## INPUT DATA:
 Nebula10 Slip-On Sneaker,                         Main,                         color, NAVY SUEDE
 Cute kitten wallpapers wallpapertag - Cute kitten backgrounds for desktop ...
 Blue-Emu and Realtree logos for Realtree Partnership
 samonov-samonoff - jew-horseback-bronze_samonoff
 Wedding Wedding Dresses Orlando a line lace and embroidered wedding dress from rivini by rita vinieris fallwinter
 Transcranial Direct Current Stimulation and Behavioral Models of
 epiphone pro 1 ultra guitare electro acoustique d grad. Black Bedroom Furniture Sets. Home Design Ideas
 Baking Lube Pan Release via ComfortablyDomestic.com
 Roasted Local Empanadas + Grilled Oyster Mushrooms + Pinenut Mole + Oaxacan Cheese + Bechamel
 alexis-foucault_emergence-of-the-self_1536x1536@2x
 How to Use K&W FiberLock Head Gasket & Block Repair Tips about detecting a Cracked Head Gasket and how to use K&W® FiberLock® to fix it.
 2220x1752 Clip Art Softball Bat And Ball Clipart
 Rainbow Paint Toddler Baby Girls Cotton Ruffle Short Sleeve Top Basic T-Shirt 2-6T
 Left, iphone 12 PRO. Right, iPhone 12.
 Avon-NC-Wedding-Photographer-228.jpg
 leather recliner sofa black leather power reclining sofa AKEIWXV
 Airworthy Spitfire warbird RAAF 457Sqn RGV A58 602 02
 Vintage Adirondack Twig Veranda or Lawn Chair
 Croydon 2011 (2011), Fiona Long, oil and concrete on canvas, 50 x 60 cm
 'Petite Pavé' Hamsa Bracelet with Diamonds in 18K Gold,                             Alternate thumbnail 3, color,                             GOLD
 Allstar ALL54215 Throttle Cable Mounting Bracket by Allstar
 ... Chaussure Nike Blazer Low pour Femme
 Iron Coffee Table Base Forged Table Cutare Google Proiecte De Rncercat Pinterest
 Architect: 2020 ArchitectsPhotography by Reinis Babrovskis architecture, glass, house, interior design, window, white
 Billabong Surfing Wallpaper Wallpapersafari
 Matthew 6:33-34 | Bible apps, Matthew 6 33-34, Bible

## WORK TO BE COMPLETED:
All lines from the one holding "Low pour Femme" through the end of the entries need to be given again exactly. Leave out the others.

## EXERCISE SOLUTION:
 ... Chaussure Nike Blazer Low pour Femme
 Iron Coffee Table Base Forged Table Cutare Google Proiecte De Rncercat Pinterest
 Architect: 2020 ArchitectsPhotography by Reinis Babrovskis architecture, glass, house, interior design, window, white
 Billabong Surfing Wallpaper Wallpapersafari
 Matthew 6:33-34 | Bible apps, Matthew 6 33-34, Bible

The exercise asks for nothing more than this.